**The task**
From the first line to the last, return the data exactly, with no pictures.

**Provided data**
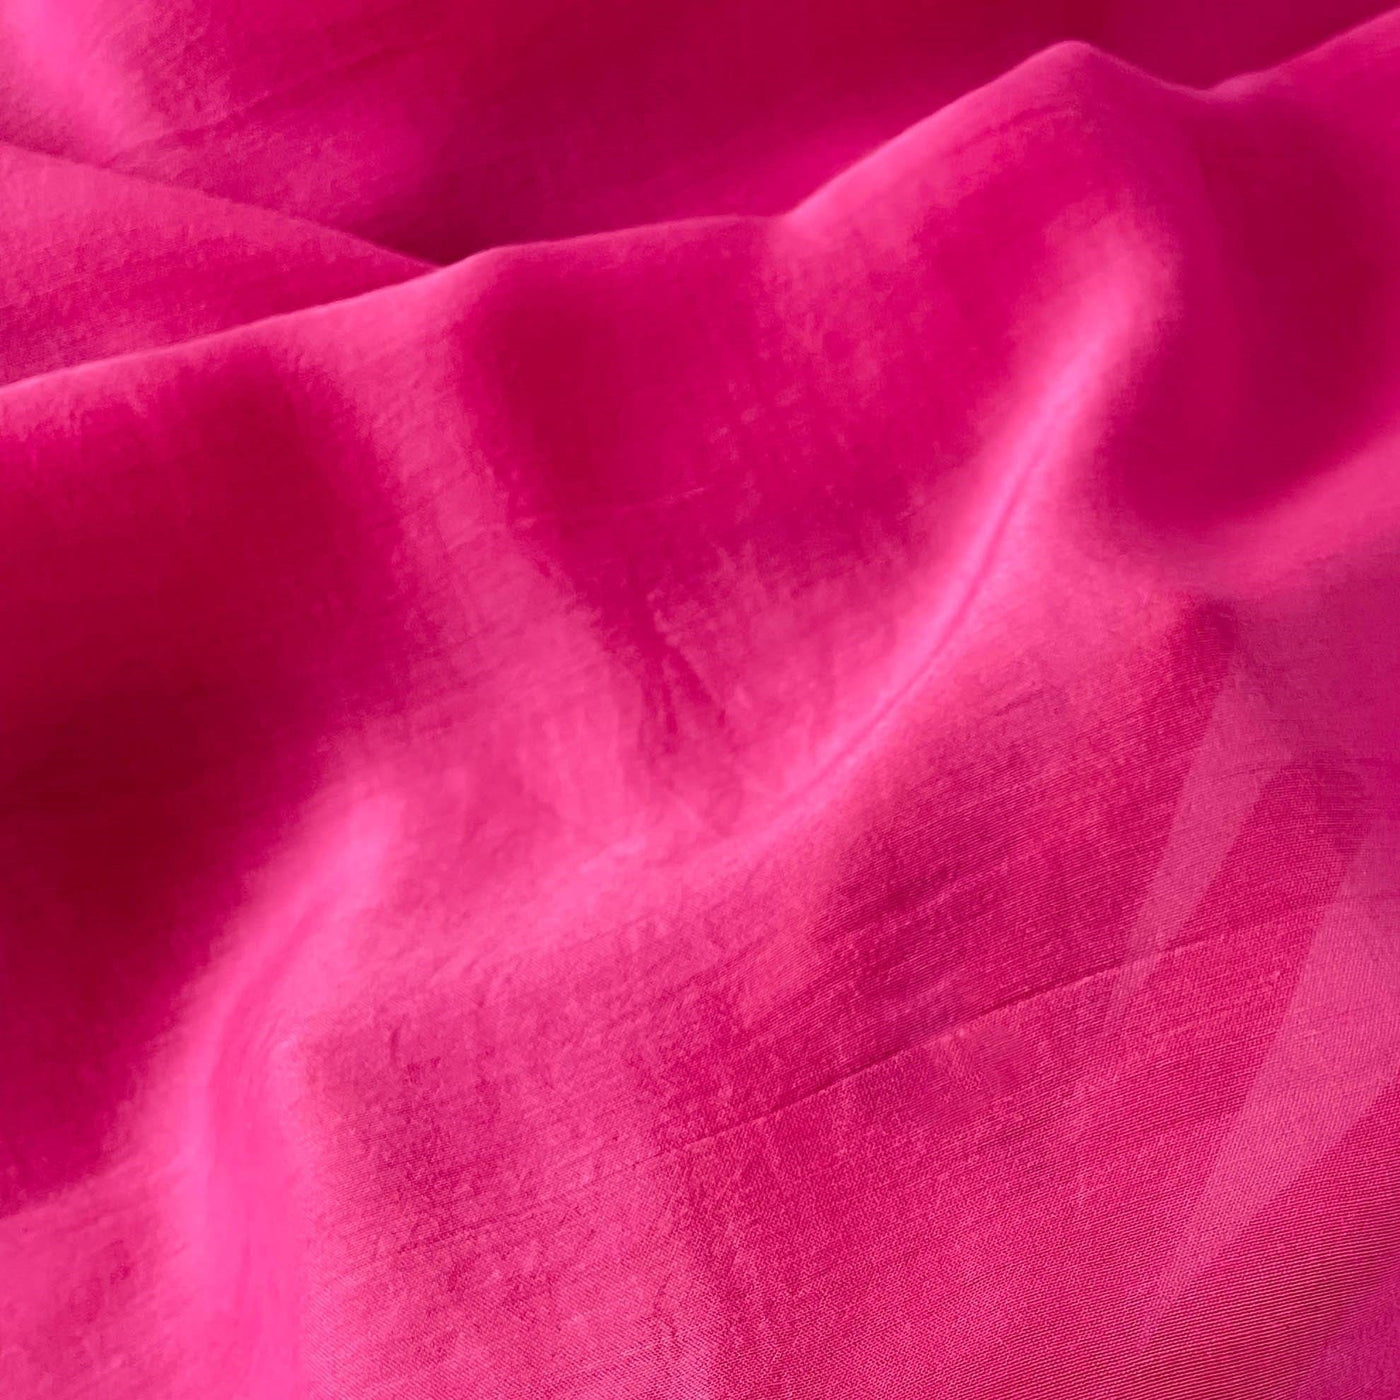 Munga Saree Cut Piece (CUT PIECE) Pink Colour Hand Dyed Soft Munga Fabric (Width 44 Inches)
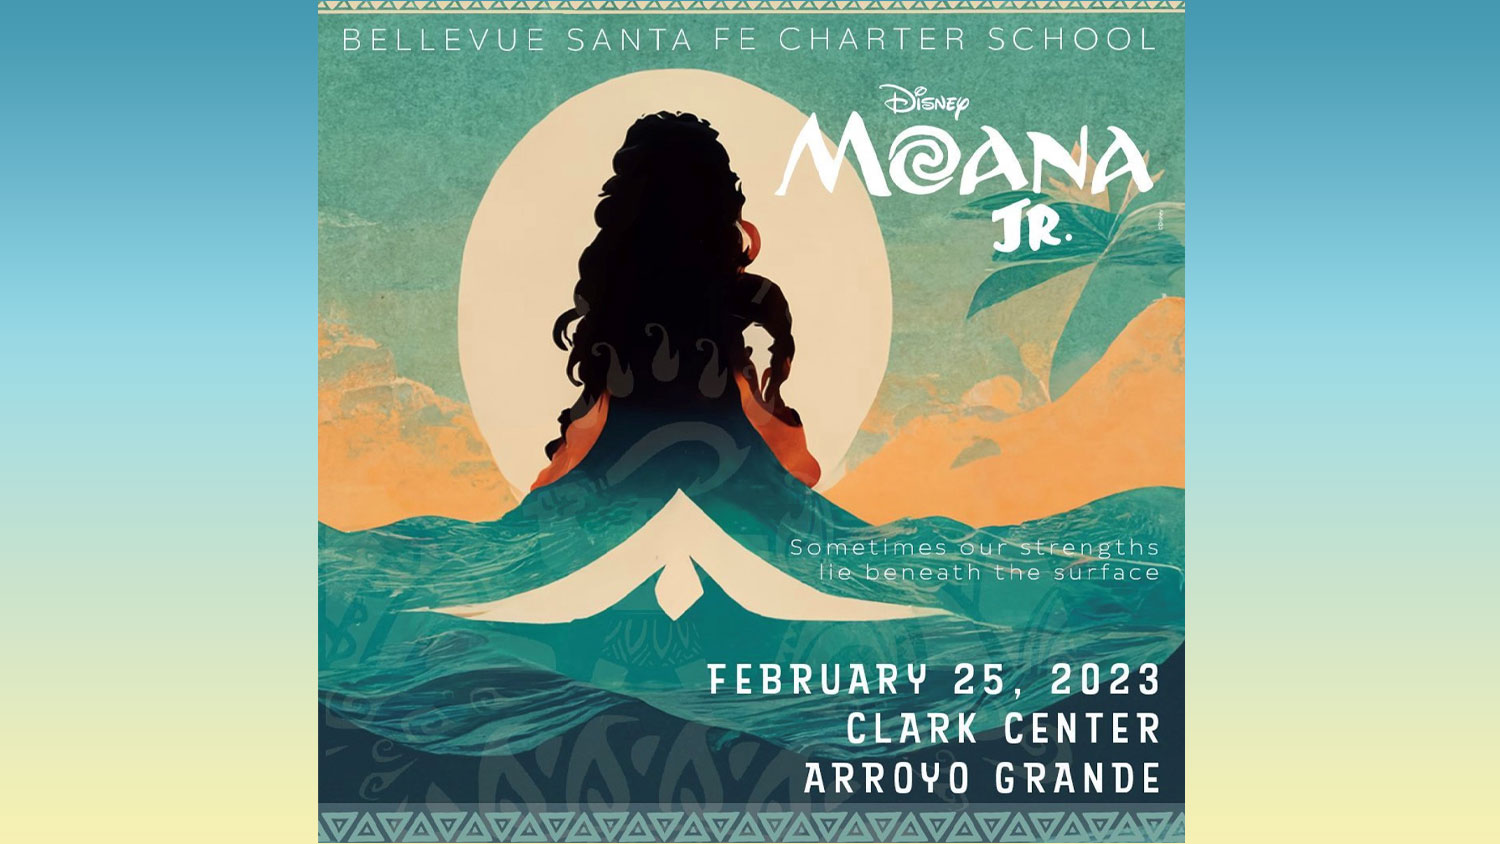 Bellevue Santa Fe Charter School presents Moana Jr.
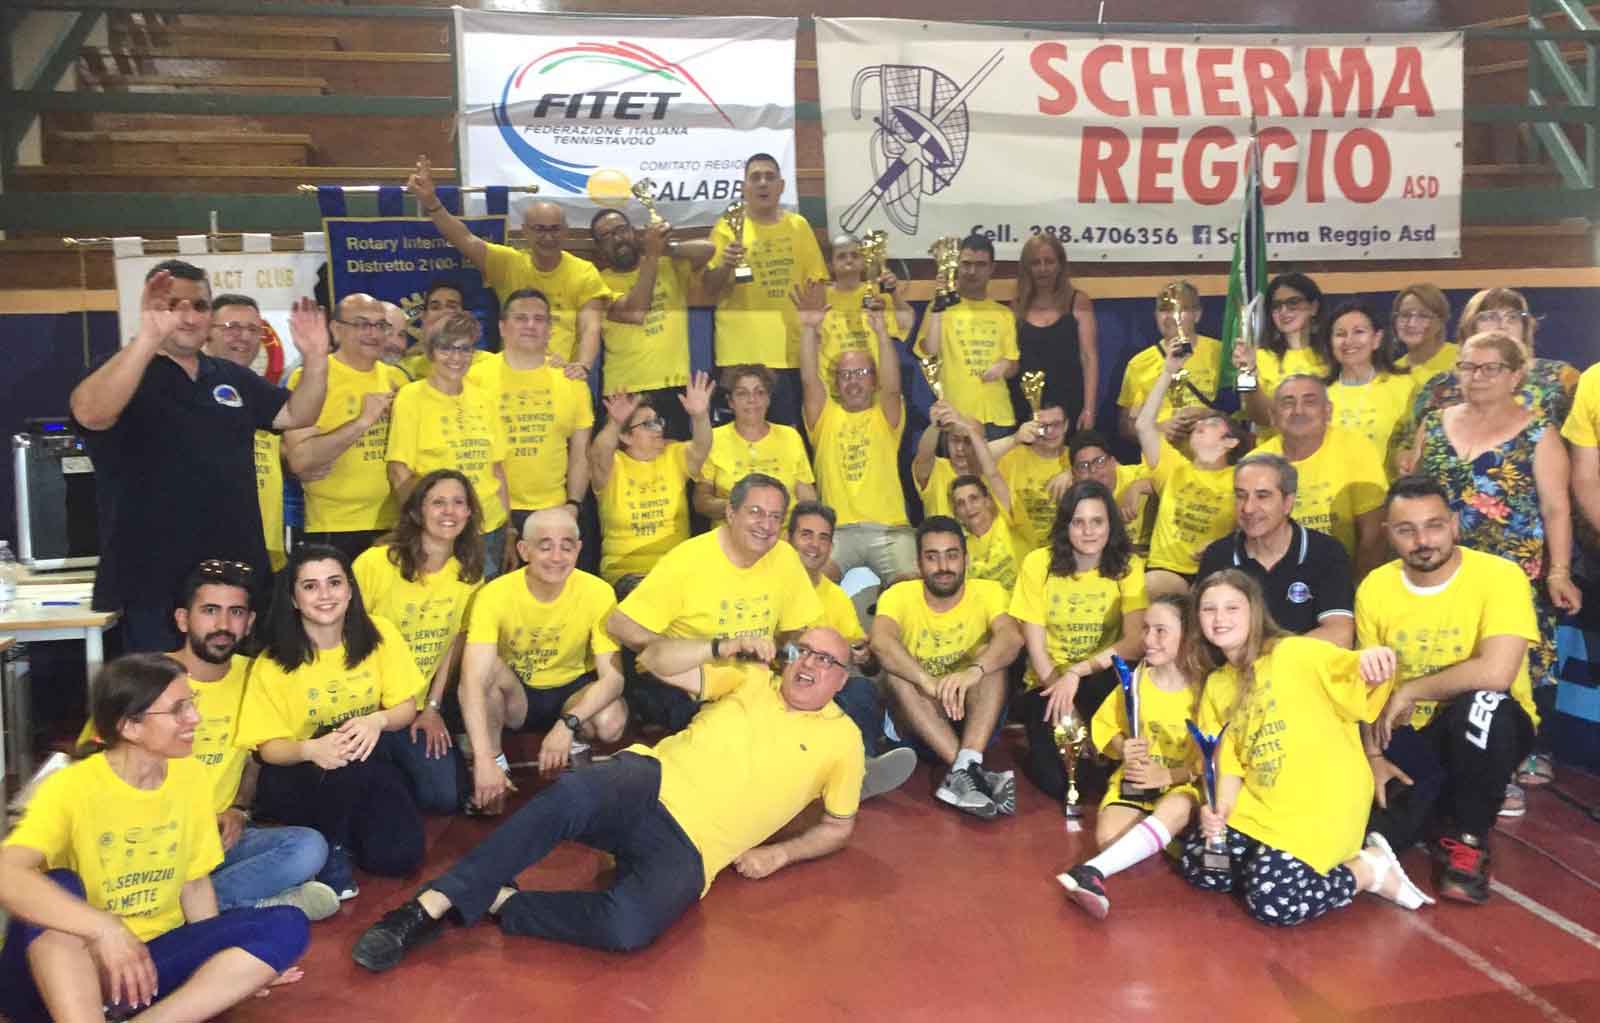 Calabria premiazione evento solidarietà giugno 2019 2

**Task result**
 Munga Saree Cut Piece (CUT PIECE) Pink Colour Hand Dyed Soft Munga Fabric (Width 44 Inches)
 Bellevue Santa Fe Charter School presents Moana Jr.
 Calabria premiazione evento solidarietà giugno 2019 2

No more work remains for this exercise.